**What the task requires**
Images are not part of the copy; write out the rest of the data exactly as given.

**Dataset extract**
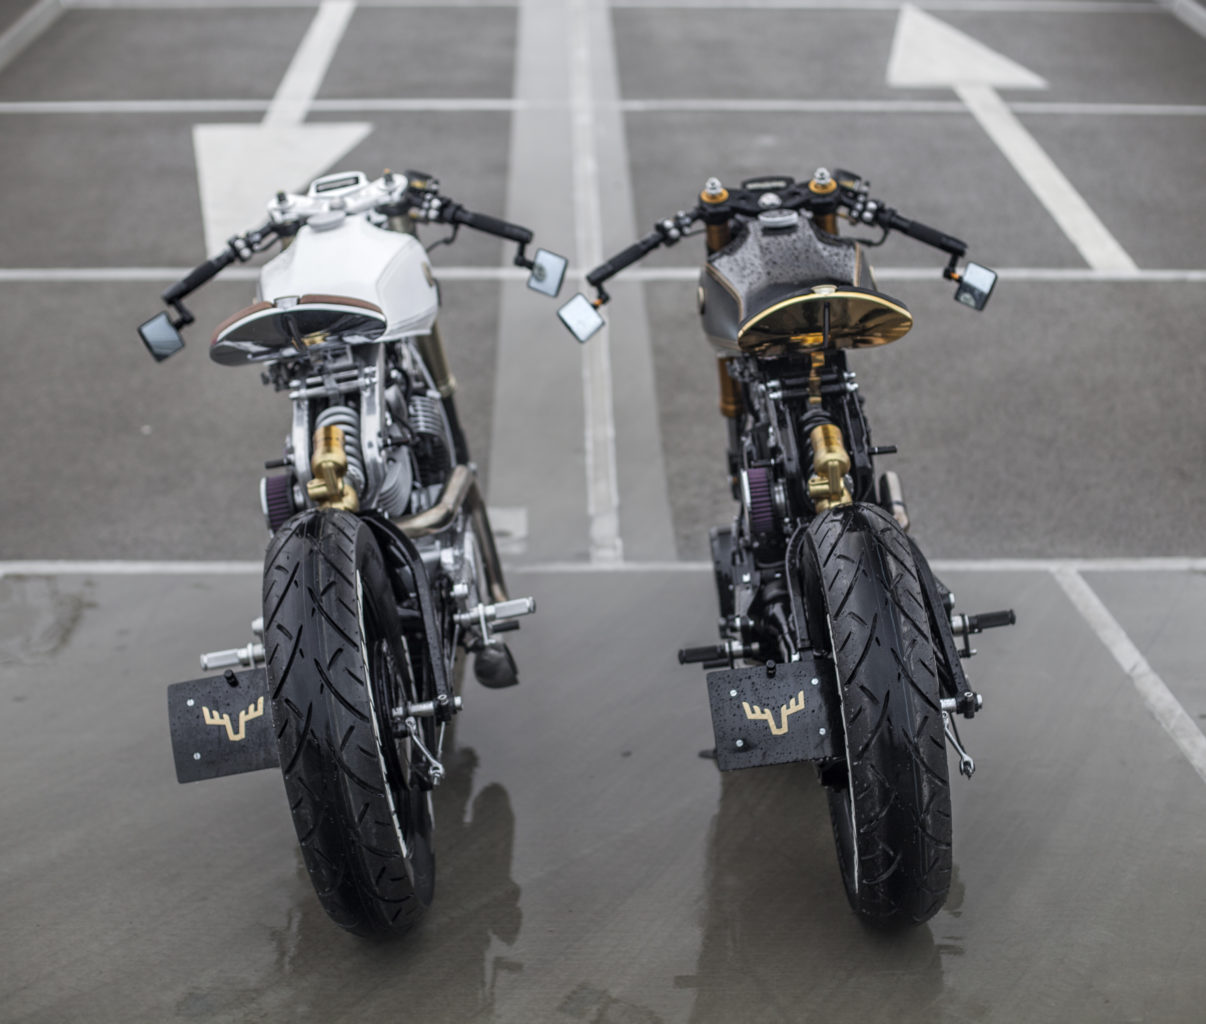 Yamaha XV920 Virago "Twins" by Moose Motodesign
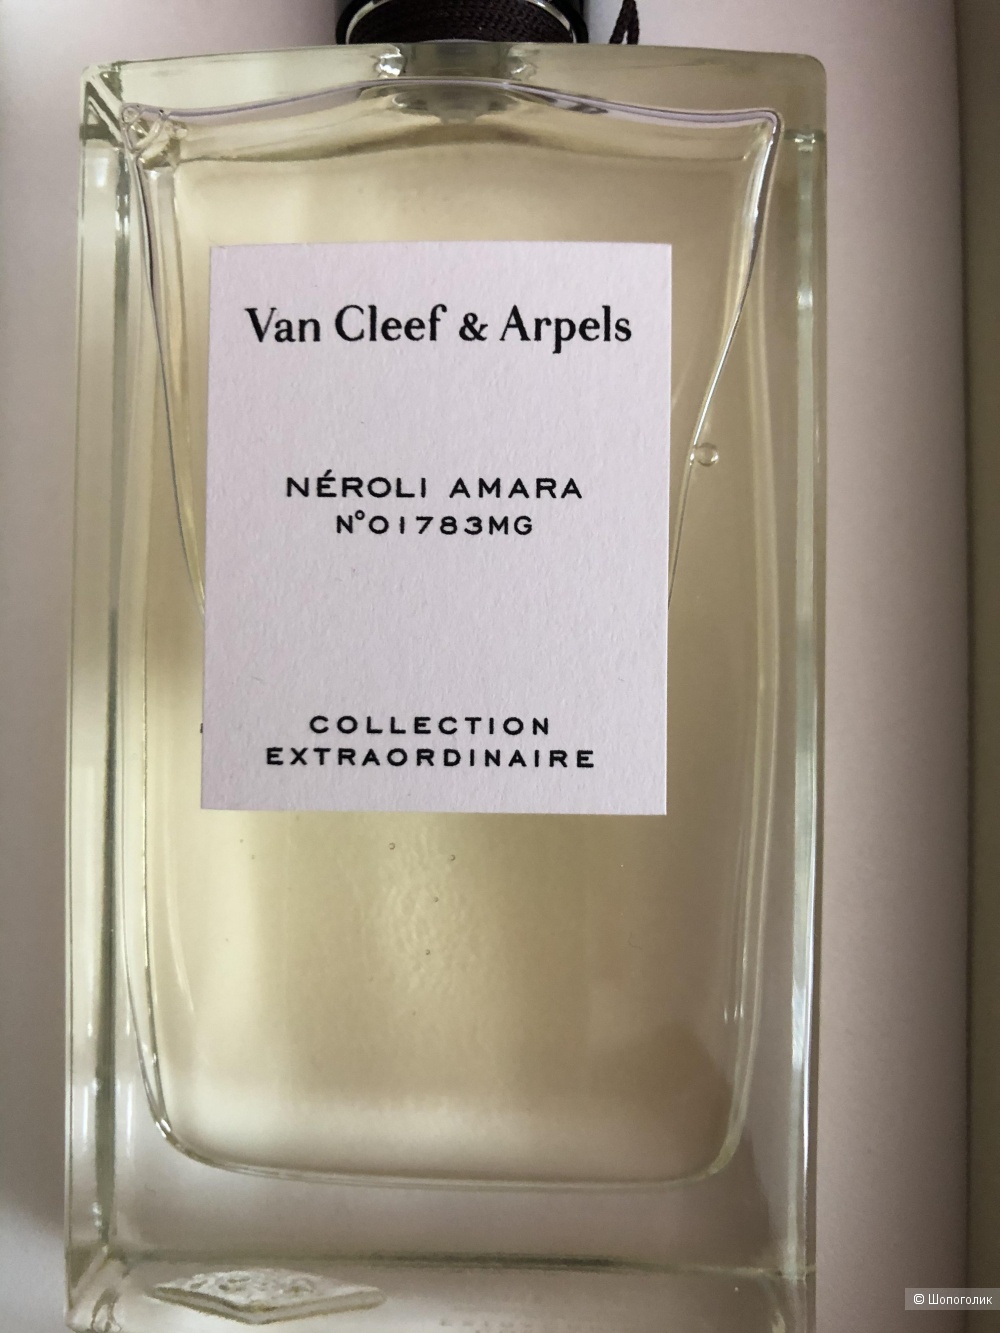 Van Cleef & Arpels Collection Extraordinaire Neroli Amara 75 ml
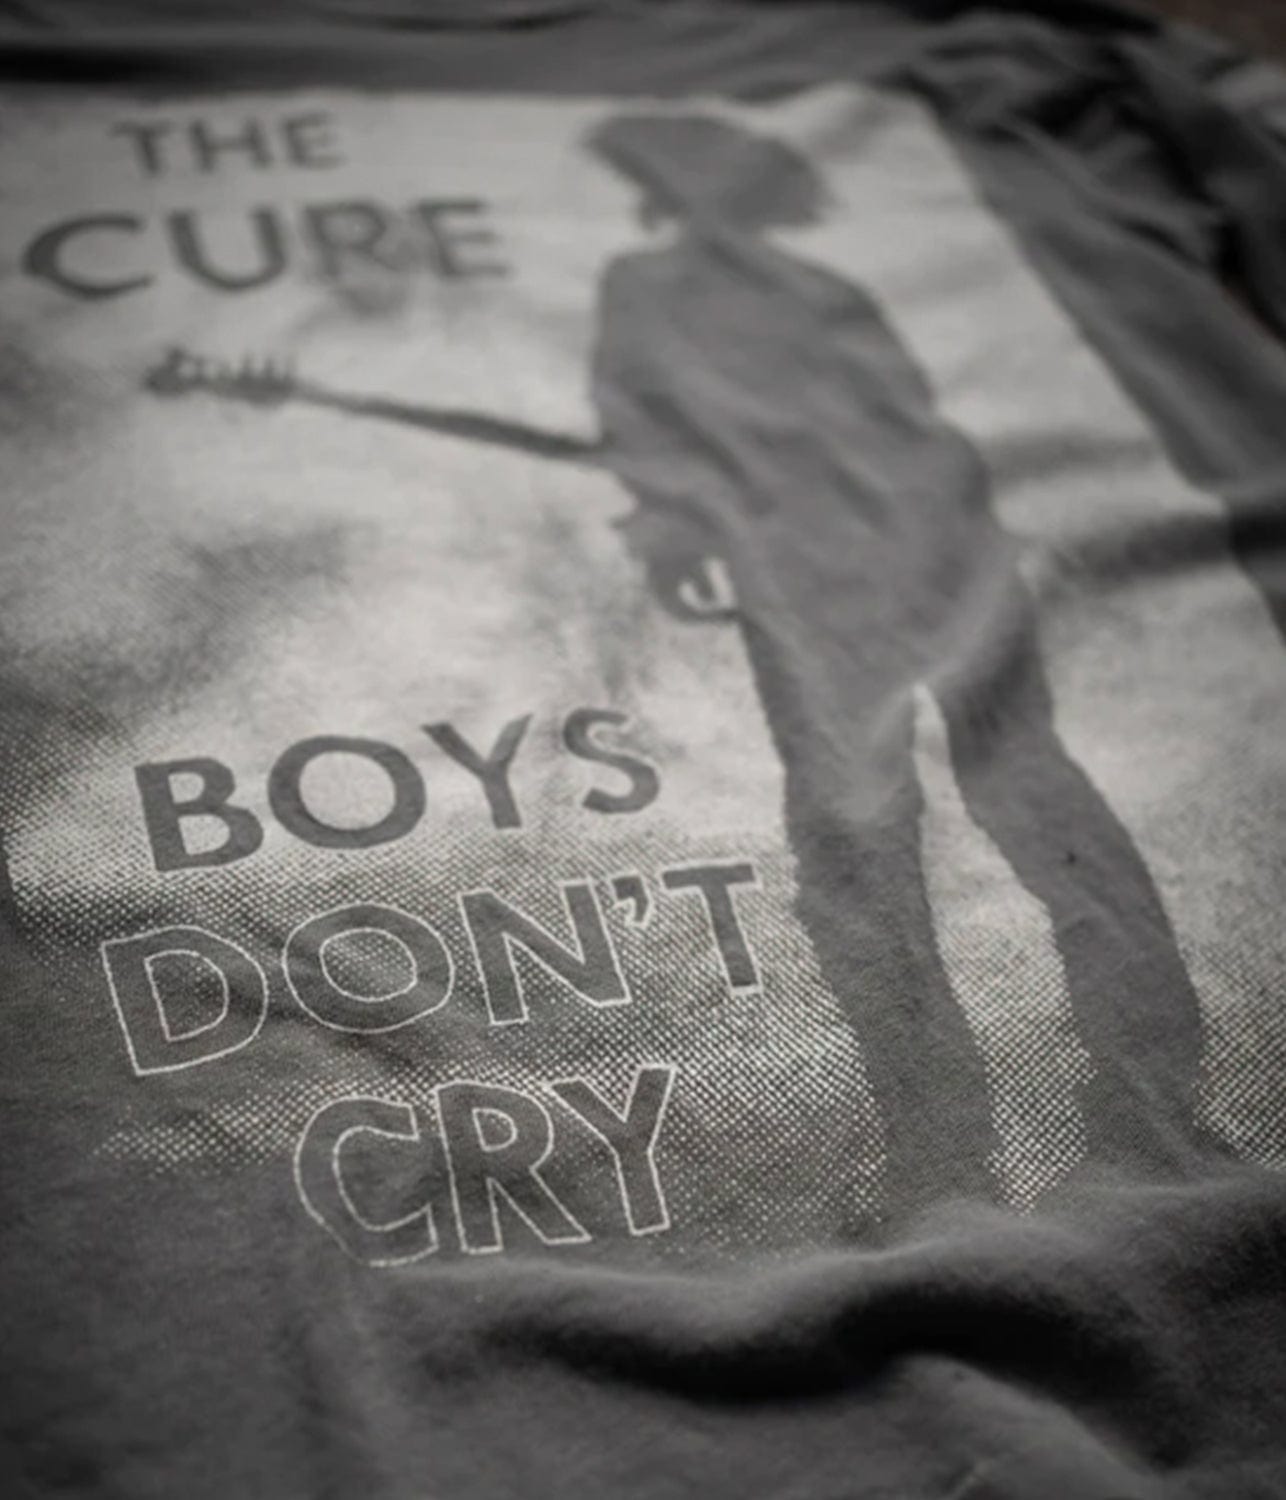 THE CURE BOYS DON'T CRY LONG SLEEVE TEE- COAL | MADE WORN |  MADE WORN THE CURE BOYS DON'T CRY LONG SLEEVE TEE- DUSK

**Task output**
 Yamaha XV920 Virago "Twins" by Moose Motodesign
 Van Cleef & Arpels Collection Extraordinaire Neroli Amara 75 ml
 THE CURE BOYS DON'T CRY LONG SLEEVE TEE- COAL | MADE WORN |  MADE WORN THE CURE BOYS DON'T CRY LONG SLEEVE TEE- DUSK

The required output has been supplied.